Fifteen months before the American Civil War commenced with the shelling of Fort Sumter in April 1861, one of the most memorable events in the history of the abolitionist movement in the United States took place—the execution by hanging of John Brown on this day, December 2, 1859. Brown had been an outspoken advocate for the emancipation of enslaved African-Americans everywhere, and for the abolition of slavery. His position—and those of other abolitionists—ran counter to future-President Abraham Lincoln’s carefully-calibrated presidential campaign position that slavery might be preserved in the Southern states, but prohibited everywhere else. Some historians argue that Brown’s tactics were those of a martyr in the making—crazy, perhaps– yet none can argue that his ultimate goal of freeing the slaves wasn’t a noble one. 

John Brown was born in May 1800 to Owen and Ruth Brown, “Northerners” then living in Connecticut, both of whom were descendants of Revolutionary War patriot ancestors. In the small world department, when the Browns moved to Ohio in 1805, the family became friends with Jesse Grant, whose son Ulysses would go on to become the Commander-in-Chief of the Union Army, and later President of the United States. At the time, Ohio was a pro-abolition state, and Owen Brown himself was a staunch abolitionist. John Brown also was schooled by an abolitionist teacher. It was in this environment that John Brown developed his own views on the institution of slavery.  After a brief sojourn to New England to attend college (he never graduated), Brown returned to Ohio, where he married Dianthe Lusk in 1820; they had seven children before Dianthe died in 1832. He remarried the following year to Mary Ann Day, with  whom he had another 13 children (!!). 

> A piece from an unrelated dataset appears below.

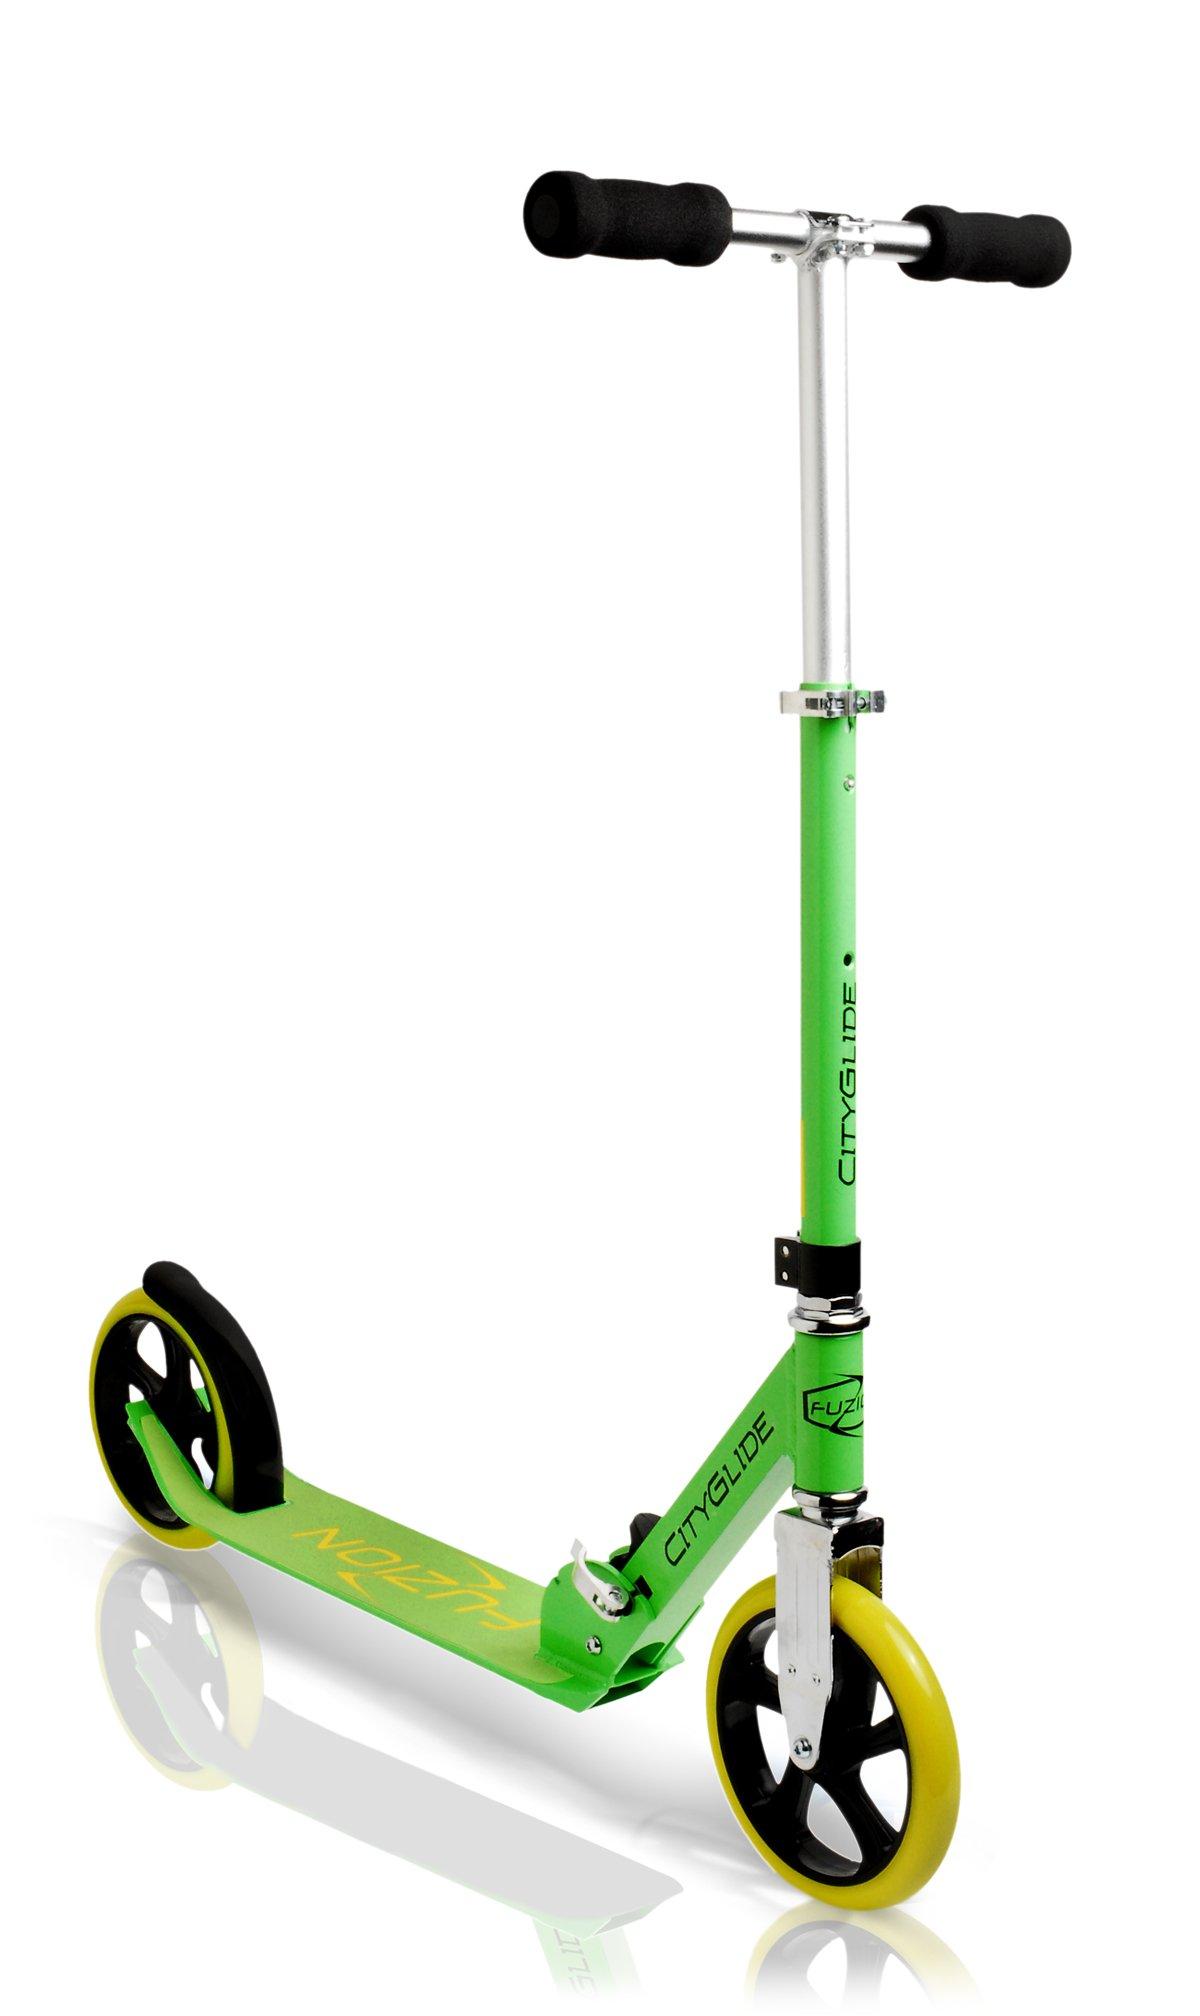 Fuzion Cityglide Adult Kick Scooter (Green) by Fuzion

Brown’s anti-slavery activism began in earnest when he moved to Pennsylvania in 1825. There, he became part of the Underground Railroad, helping escaped slaves coming North from Virginia. Over the next decade, he formed close relationships with other leading abolitionists, while earning a living in various business pursuits. He also held several civil service posts to which he had been appointed by Presidents John Quincy Adams and Andrew Jackson.  Brown and his family returned to Ohio in 1836, where he became more militant in his abolitionist views, while falling into debt and declaring bankruptcy in 1842. His involvement in the abolitionist movement accelerated when he moved to Massachusetts in 1846, and during the next 12 years, he became an increasingly vocal advocate for the violent overthrow of the institutions of slavery. It was during this period that the U.S. Congress enacted several laws intended to appease Southern slave states, such as the Fugitive Slave Act of 1850, which further inflamed Brown’s thinking that only armed insurrection would overcome America’s tolerance of slavery. Perhaps aware that his actions might some day lead to his own death, he bought a home in North Elba, New York where he deposited his family while he continued to pursue his anti-slavery activities in other parts of the country.  It was at his New York home that Brown was buried following his execution in December 1859; today it is a National Historic Landmark. 

The last years of Brown’s life were spent in various violent conflicts over slavery, including his participation in the Pottawatomie Massacre of 1856, part of the deadly years of open warfare in Kansas that became known as the “Bleeding Kansas” years— essentially a local civil war fought over the hotly-contested issue of whether the Kansas Territory could become a slave state (a possibility signaled by the earlier Kansas-Nebraska Act of 1854, by which Congress authorized the people of Kansas to decide whether they wanted slavery or not). All of this culminated in Brown’s history-making attack on Harper’s Ferry on October 16-18, 1859. Brown and his men had intended to seize the armory there, and free all the slaves. But the plan was botched, and Brown and his men were trapped in a nearby engine house. When given the chance to surrender to a company of U.S. Marines who surrounded him, Brown famously said “no, I prefer to die here.”  That did not happen. Instead he was captured, put on trial, and quickly found guilty of treason on November 2, 1859. He was hanged exactly one month later, on December 2, 1859. His last words, written but not spoken, were prophetic:

“I, John Brown, am now quite certain that the crimes of this guilty land will never be purged away but with blood. I had, as I now think, vainly flattered myself that without much bloodshed it might be done.”